Assembling these pieces, the full '''positive energy solution''' is conventionally written as
<math display="block">\psi^{(+)} = u^{(\phi)}(\vec p)e^{-i p \cdot x} = \textstyle \sqrt{\frac{E + m}{2m}} \begin{bmatrix}
    \phi \\
    \frac{\vec{\sigma} \cdot \vec{p}}{E + m} \phi
\end{bmatrix} e^{-i p \cdot x}</math>
The above introduces a normalization factor <math display="inline"> \sqrt{\frac{E+m}{2m}},</math> derived in the next section.

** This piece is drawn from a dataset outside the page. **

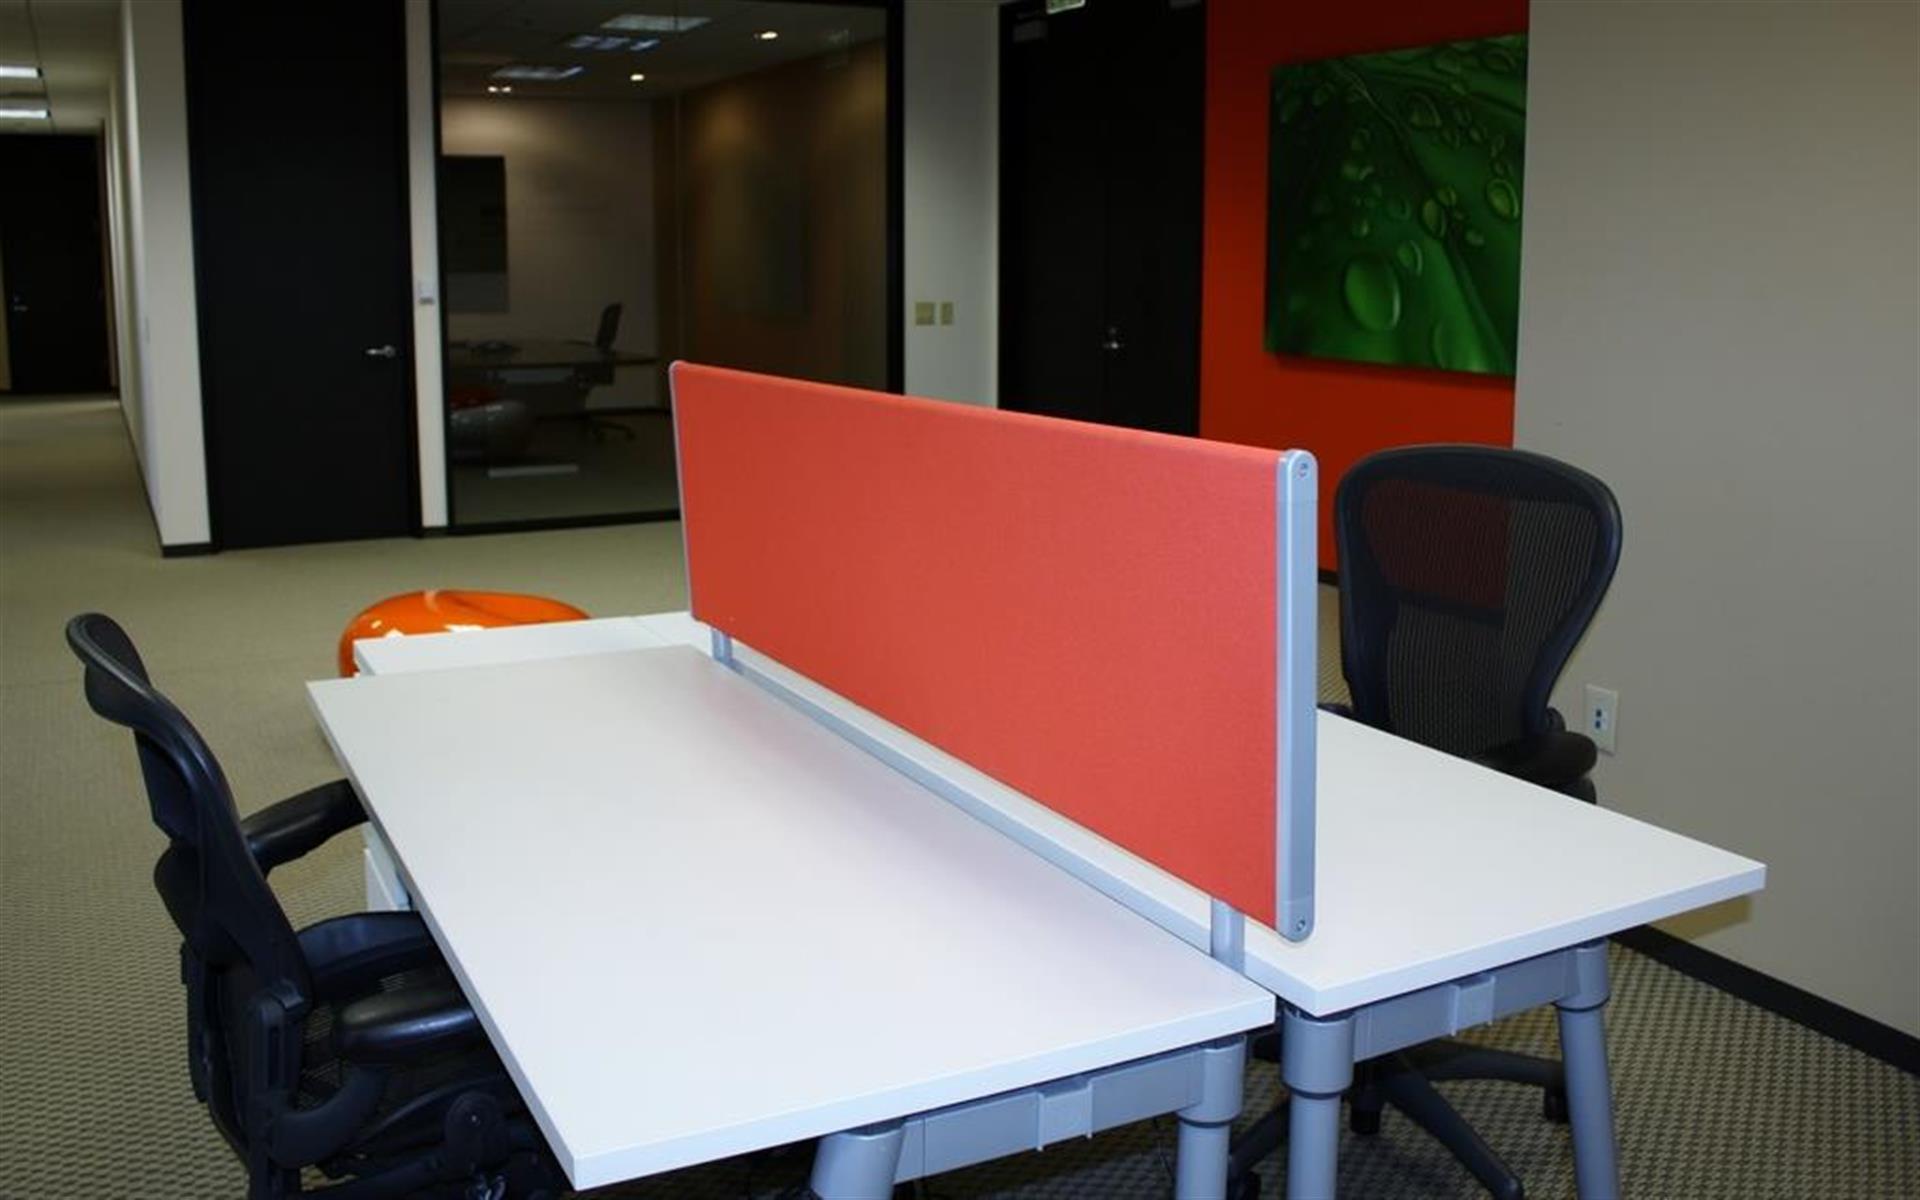 Innovation Capital Law Group - Dedicated Desk

Solving instead the 1st equation for <math>\phi </math> a different set of solutions are found:
<math display="block">\omega = \begin{bmatrix} -\frac{\vec{\sigma} \cdot \vec{p}}{-E + m} \chi \\ \chi \end{bmatrix} \,.</math>

In this case, one needs to enforce that <math display="inline">E = -\sqrt{\vec p^2 + m^2}</math> for this solution to be valid in a frame where the particle has <math>\vec p = \vec 0</math>. The proof follows analogously to the previous case. This is the so-called '''negative energy solution'''. It can sometimes become confusing to carry around an explicitly negative energy, and so it is conventional to flip the sign on both the energy and the momentum, and to write this as
<math display="block">\psi^{(-)} = v^{(\chi)}(\vec p) e^{i p \cdot x} = \textstyle\sqrt{\frac{E + m}{2m}} \begin{bmatrix}
    \frac{\vec{\sigma} \cdot \vec{p}}{E + m} \chi \\ \chi 
\end{bmatrix} e^{i p \cdot x}</math>

In further development, the <math>\psi^{(+)}</math>-type solutions are referred to as the [[particle]] solutions, describing a positive-mass spin-1/2 particle carrying positive energy, and the <math>\psi^{(-)}</math>-type solutions are referred to as the [[antiparticle]] solutions, again describing a positive-mass spin-1/2 particle, again carrying positive energy. In the laboratory frame, both are considered to have positive mass and positive energy, although they are still very much dual to each other, with the flipped sign on the antiparticle plane-wave suggesting that it is "travelling backwards in time". The interpretation of "backwards-time" is a bit subjective and imprecise, amounting to hand-waving when one's only evidence are these solutions. It does gain stronger evidence when considering the quantized Dirac field. A more precise meaning for these two sets of solutions being "opposite to each other" is given in the section on [[charge conjugation]], below.